Fig. 8(a) is the blockchain consensus overhead without malicious nodes for [Attack, Authentic, Defense] types of semantic data (image) with [275 KB,467 KB,10 KB] data sizes when the number of blockchain nodes is [5,50,5] by utilizing the PBFT consensus algorithm [30]. As shown in Fig. 8(a), the proposed scheme can reduce the time consumed in blockchain to improve consensus efficiency due to the attack and defense schemes cropping authentic semantic data while differing in semantic similarities according to Fig. 7. Fig. 8(b) is the ZKP computation overhead for [GenWitness, GenProof, VerifyProof] operations with [10 KB,100 KB,1MB] data sizes. We can see from Fig. 8(b) that the ZKP computation overhead depends on the GenProof operation, while the sizes of semantic data affect little on the proposed scheme. Besides, the computation overhead for verifying proofs is less than for generating proofs, which can be written into smart contracts [9], [18], [19]. Fig. 8(c) is the blockchain consensus overhead of sharing semantic defense images with [10%, 20%, 30%] malicious nodes as the number of blockchain nodes increases from 10 to 50. We simulate the malicious nodes via sleep functions to defer nodes triggering the consensus process. As we can observe that the adoption of blockchain can prevent malicious nodes from damaging information sharing in this framework.

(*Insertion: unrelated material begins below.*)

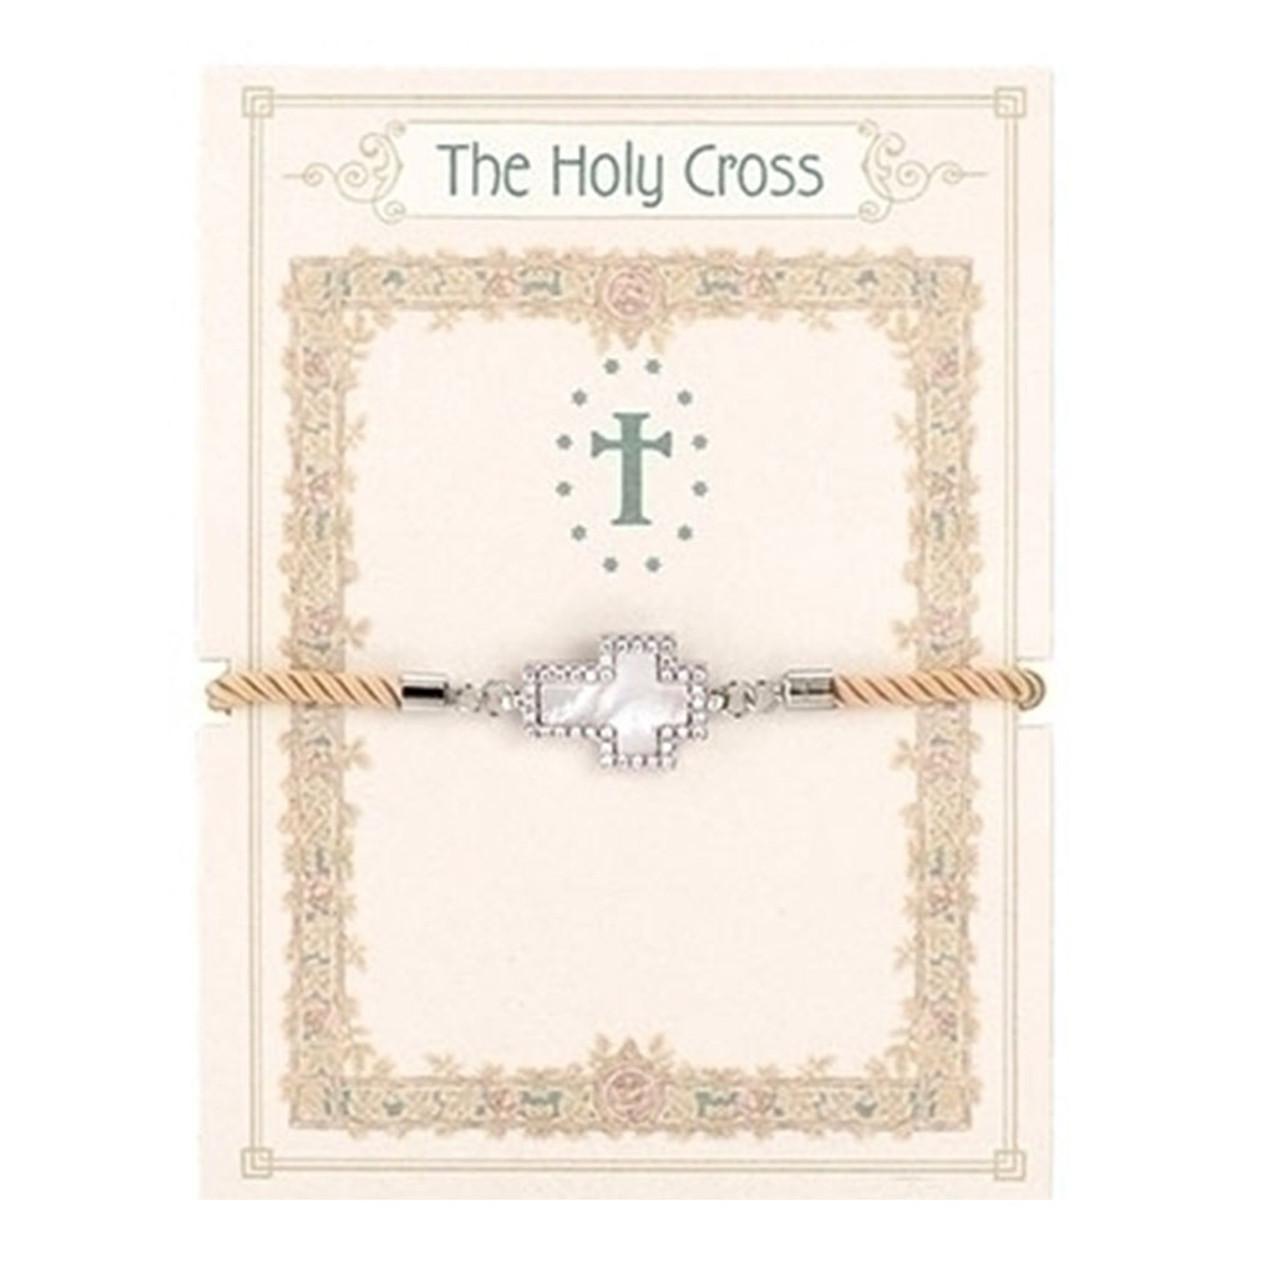 Cross Bracelets 6 Asst - Sold Separately

CONCLUSION AND FUTURE WORK
In this paper, we first integrated blockchain-aided semantic communication into Metaverse to support AIGC services in virtual transportation networks. We also presented a training-based targeted semantic attack scheme to illustrate potential attacks by generating adversarial semantic data with the same descriptors but different desired meanings. To prevent the above attack, we designed a blockchain and zero-knowledge proof-based semantic defense scheme that records transformations of semantic data and verifies mutations in a decentralized manner. Simulation results show that the proposed mechanism can differ in the descriptors between the adversarial semantic data and the authentic one. The defense scheme can identify malicious edge devices falsifying semantic data to corrupt AIGC services in virtual transportation networks.
Although the proposed integration of blockchain and semantic communication framework can prevent semantic attacks from data mutations, there are also potential drawbacks to consider since blockchain could be overhead-intense. One of the main concerns is that blockchain can be resource-intensive and may require significant computational power and storage capacity, which can lead to increased costs and slower transaction processing times. Efficient blockchain structures and consensus algorithms are good solutions to improve the performance of blockchain. Besides, the on-chain and off-chain collaboration mechanism can be also utilized to reduce on-chain overhead to improve blockchain efficiency.
In future research work, we will study how to mitigate malicious edge devices and facilitate resource allocation with economic incentive mechanisms in the proposed framework.